Литмир - Электронная Библиотека
Содержание  
A
A

— Что за вопрос? Сколько надо, столько и дам.

— Тогда, будь добр, размести товарищей, а я пока тут у тебя подежурю… — Мечов кивнул на радиотелефон и неожиданно для самого себя тихо добавил: — Жена у меня там, Леонтьич, на Ары-Масе этом. Я мигом обернусь. Только не говори никому, ради бога. Скажи, что заснул в балке и все тут. С дороги умаялся… Видеть никого не хочется. Понял?

Прохор Леонтьич заморгал воспаленными веками и тихонько спросил:

— Туда полетите?

— А ты как думал? — отвернулся Мечов.

ДИСПАНСЕР

Как всегда по утрам Люся включила электрическую кофеварку и встала под душ. Но едва упругие струи, хлестнув по занавеске из голубого веселого пластика, щекочущим холодком ожгли кожу, возвратилось непонятное изнеможение, которое все чаще охватывало ее под вечер. Угадав приближение озноба, Люся поспешила завинтить краны и насухо вытерлась махровым полотенцем. Стащив резиновую шапочку, смахнула туманный налет с зеркала и поднесла к голове упругую щетку с резиновыми пупырышками. Но даже причесываться стало теперь неприятно. Прикосновение к волосам пробуждало неясную ломоту, прячущуюся где-то глубоко в лобных пазухах.
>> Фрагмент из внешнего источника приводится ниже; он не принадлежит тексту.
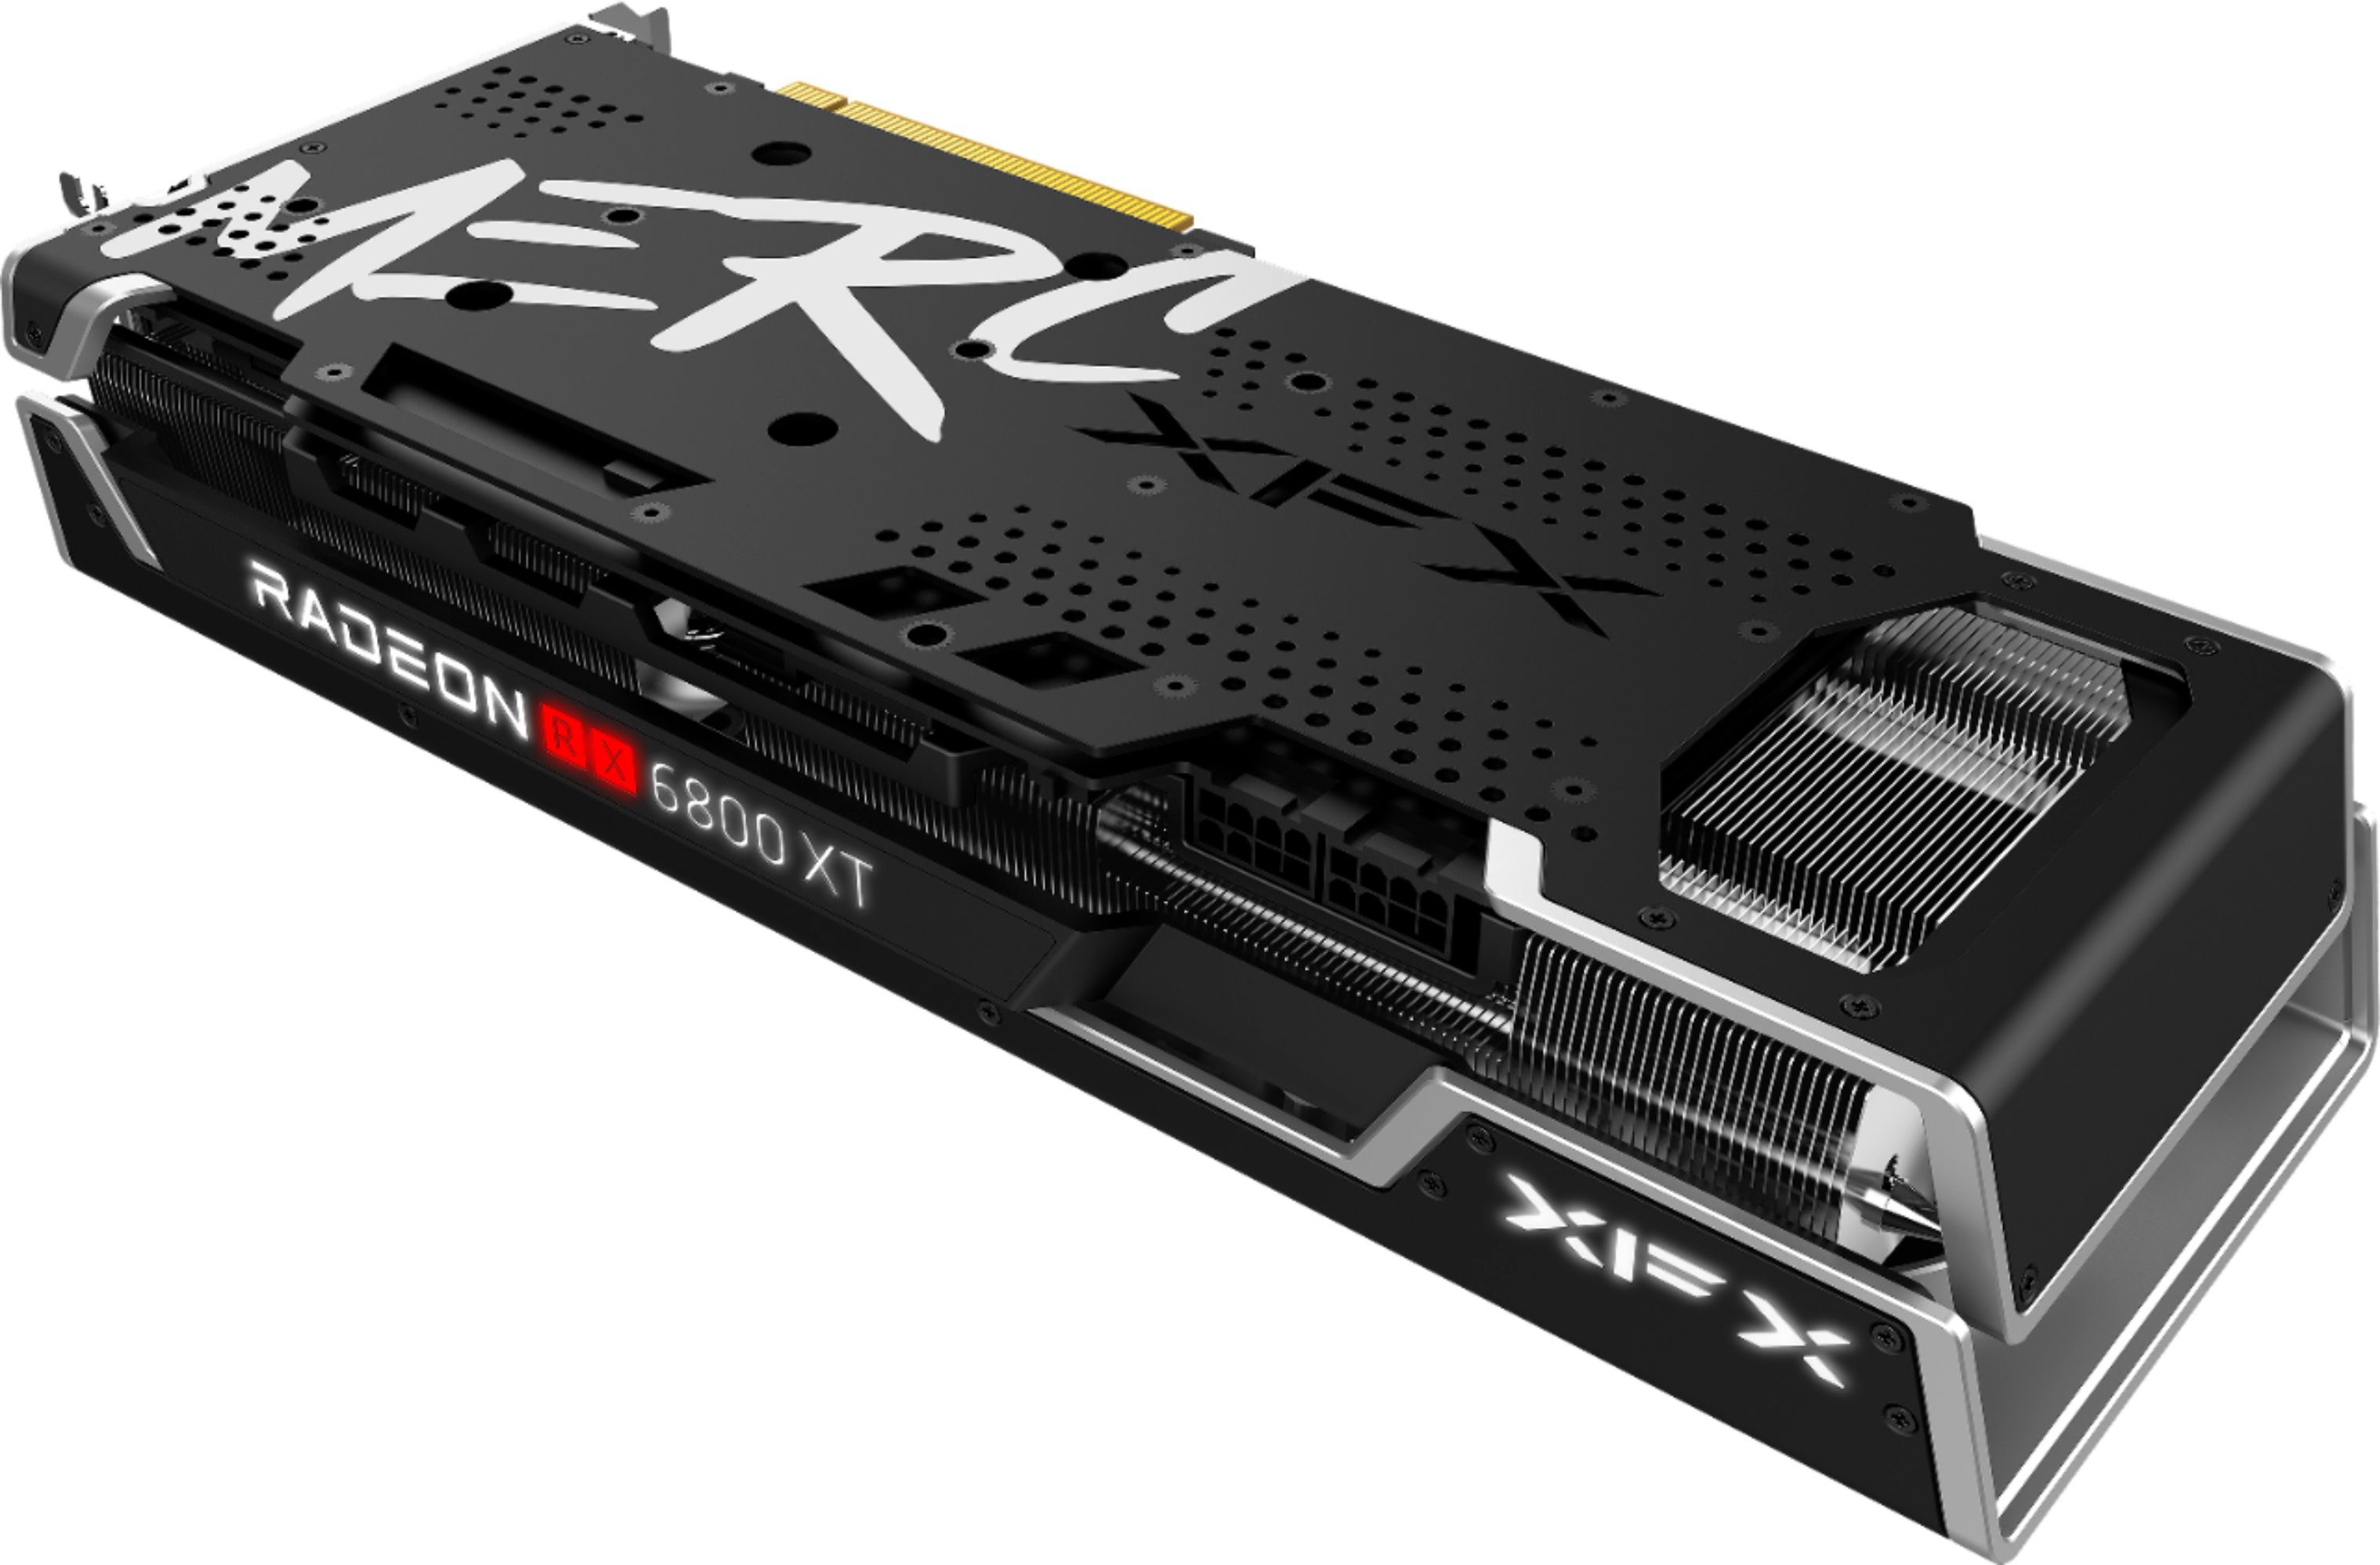 The XFX AMD Radeon RX 6800 XT GPU Is Down to $429.99 and Includes Starfield

Только чашка горячего крепкого кофе, наполнившего крохотную кухоньку вкусным бодрящим ароматом, помогла избавиться от ощущения притаившейся в теле неотвратимой беды. Прогнав скверные мысли, она подкрасила губы и, запахнув поплотнее стеганый халатик, сбежала за почтой. В жестяном покореженном ящике, однажды подожженном мальчишками, лежала газета и сложенный вдвое журнал «Знание — сила».
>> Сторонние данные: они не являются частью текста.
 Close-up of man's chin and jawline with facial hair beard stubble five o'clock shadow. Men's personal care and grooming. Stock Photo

Из него и выпала, спланировав полукругом к ногам, белая открытка с лиловым штампом легочного диспансера. Горячий жар прихлынул к щекам, и на какое-то мгновенно тоскливо сжалось сердце. Само по себе приглашение посетить диспансер — следовали дни и часы приема врача — еще ни о чем не говорило. Люся даже не успела сопоставить это с флюорографическим обследованием, которое вместе со всеми работниками «Комсомольского» прошла в феврале и о котором сразу же позабыла.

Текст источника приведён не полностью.